And a wonderful one, too! Saturday and Sunday, ALL day, BOTH days, I sat spinning with seven women in a workshop taught by Celia Quinn. It was a Comprehensive Spinning Workshop. We were given nearly 6 dozen different fiber samples to spin. Some familiar, some not. Some carded, some raw. Some in roving. Natural and man made, animal and vegetable. We spun each sample using different techniques, discovering what worked best for that fiber and what felt right. From the end and the fold, long draw and short. Sometime Saturday afternoon, I discovered something I didn't know about myself. I found that I had been using the long draw with my left hand for some fibers and always with my spindle and my right hand for others.
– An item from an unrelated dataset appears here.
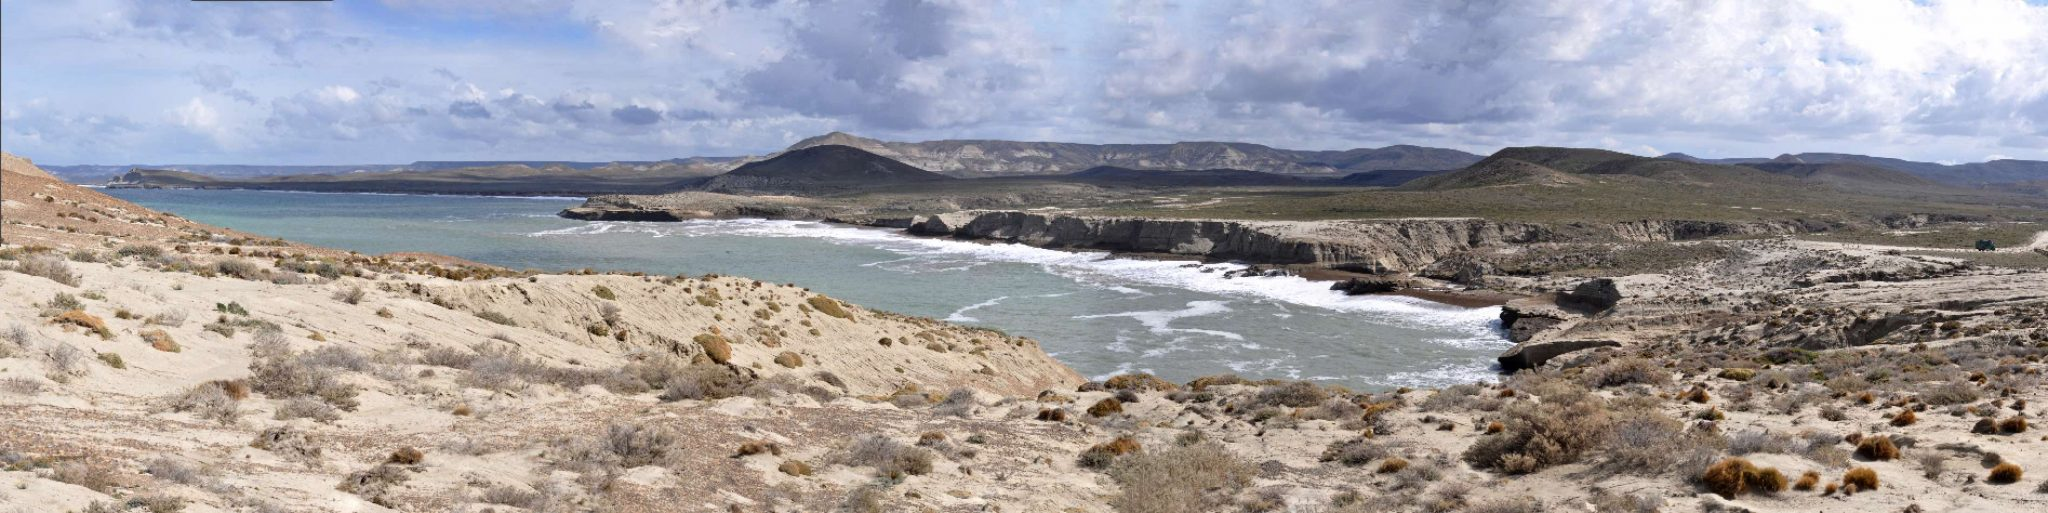 Pinguin Bucht

If I hadn't sat next to a lefty, joking about handedness and space needed to keep from whacking one another, I might not have noticed. Interesting the way we learn to accommodate and do what comes natural. Celia passed out little taklis (tiny metal spindles). Fast little buggers for spinning the cotton samples. I hadn't used a supported spindle before. I will now. She demonstrated the chakra. We used two different types of distaffs with flax, then spun it from the fold without. The two days went fast, a whirlwind tour of fiber possibilities. And, I have a bunch of new tools.
In the evenings, I've knitted on Clapotis. Time for knitting is short now. By the middle of the week I'll be on elf duty. At last count, I have more than a hundred assorted sized wreath bows to tie next week. It'll cramp my knitting time and my hands.
I can't seem to get the color right in these pictures.